The distance from this point to the line $$x - y - 1 = 0$$ is $$d(t) = \frac{\left|t - \frac{t^2}{2} - 1\right|}{\sqrt{1^2 + (-1)^2}} = \frac{\left|t - \frac{t^2}{2} - 1\right|}{\sqrt{2}}$$.

Let $$g(t) = t - \frac{t^2}{2} - 1$$. To find the extremum, we set $$g'(t) = 1 - t = 0$$, giving $$t = 1$$.

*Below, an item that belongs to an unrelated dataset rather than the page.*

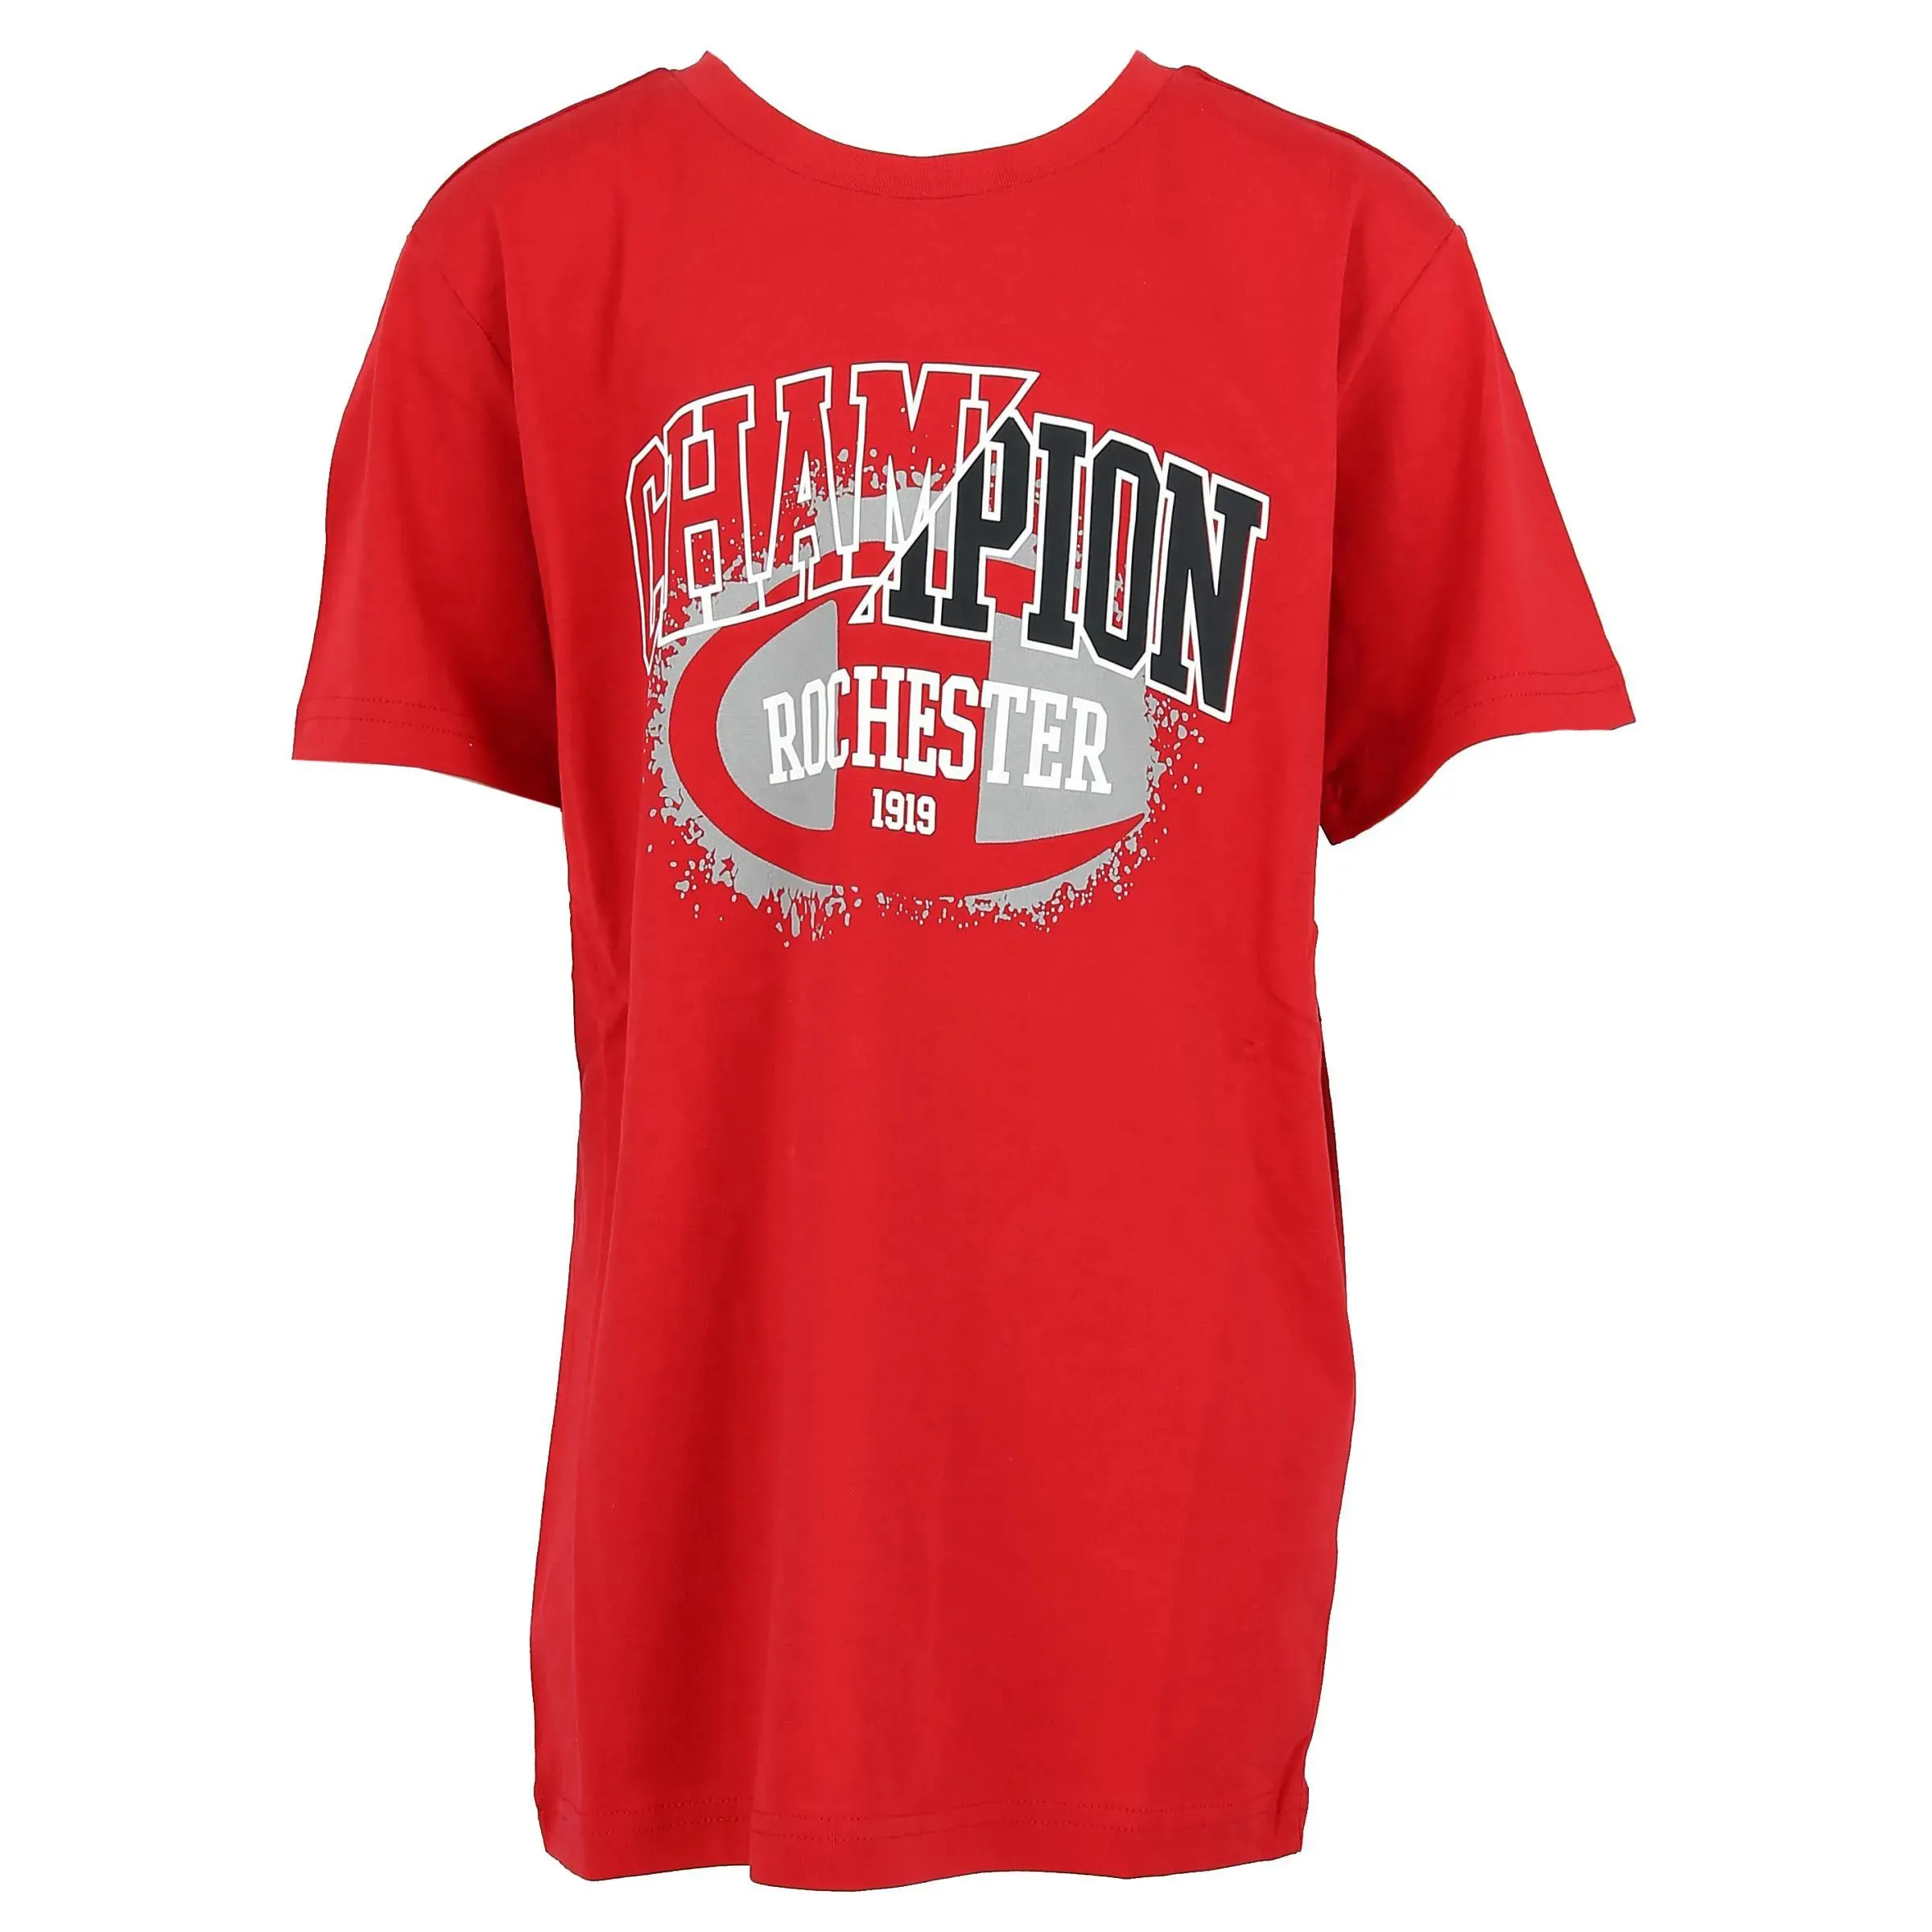 Champion T-shirt ROCHESTER T-SHIRT 
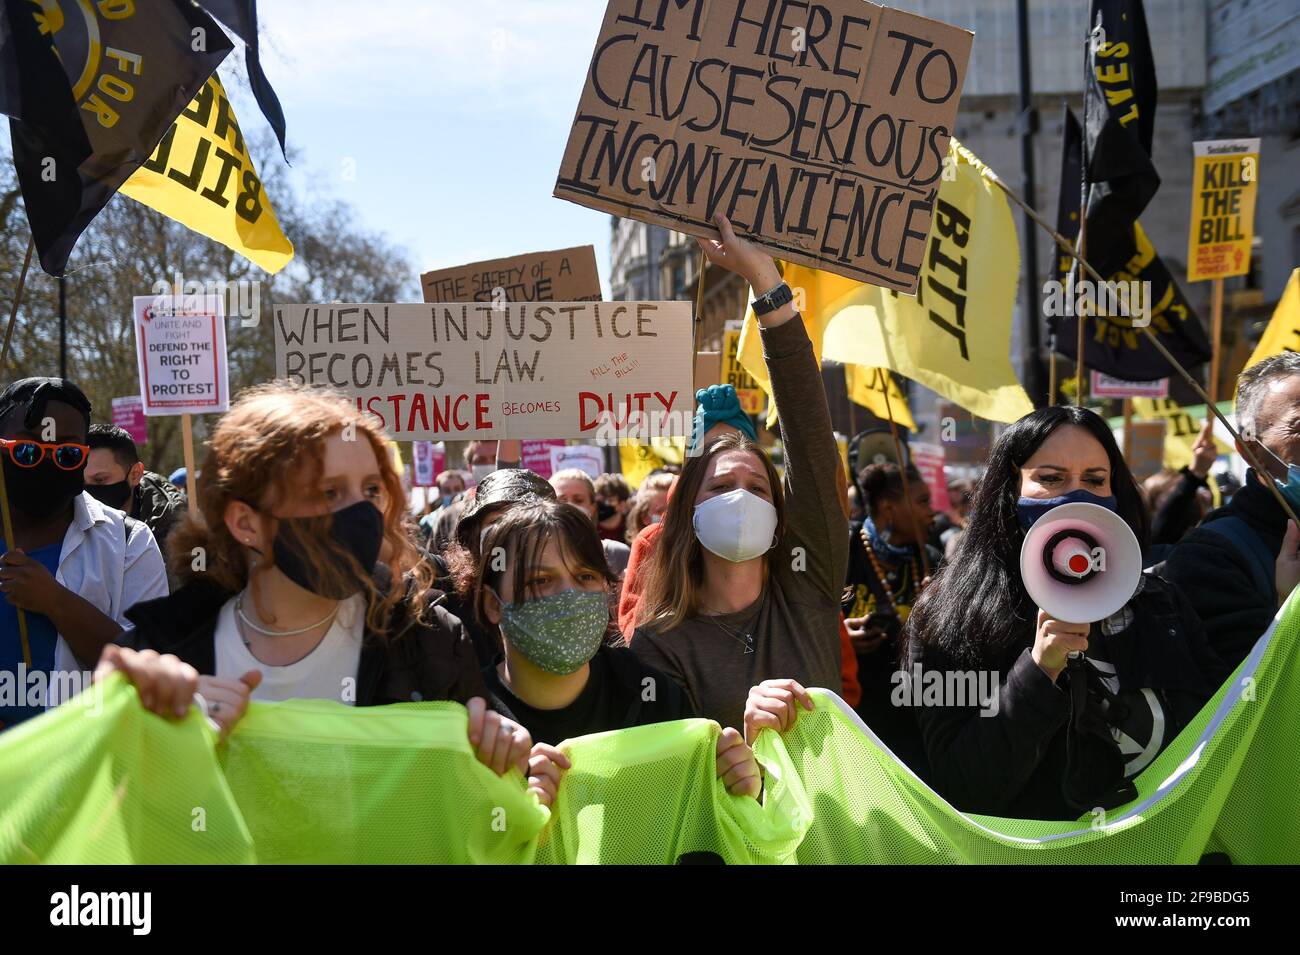 Die Demonstranten marschieren während eines Protestes gegen das Gesetz über Polizei, Verbrechen, Verurteilung und Gerichte in London. Bilddatum: Samstag, 17. April 2021. Stockfoto

At $$t = 1$$: $$g(1) = 1 - \frac{1}{2} - 1 = -\frac{1}{2}$$. Since $$g''(t) = -1 < 0$$, this is the maximum of $$g(t)$$. Since $$g(t) \leq -\frac{1}{2} < 0$$ for all $$t$$, the minimum of $$|g(t)|$$ is $$\frac{1}{2}$$, occurring at $$t = 1$$.

The shortest distance is $$\frac{1/2}{\sqrt{2}} = \frac{1}{2\sqrt{2}}$$.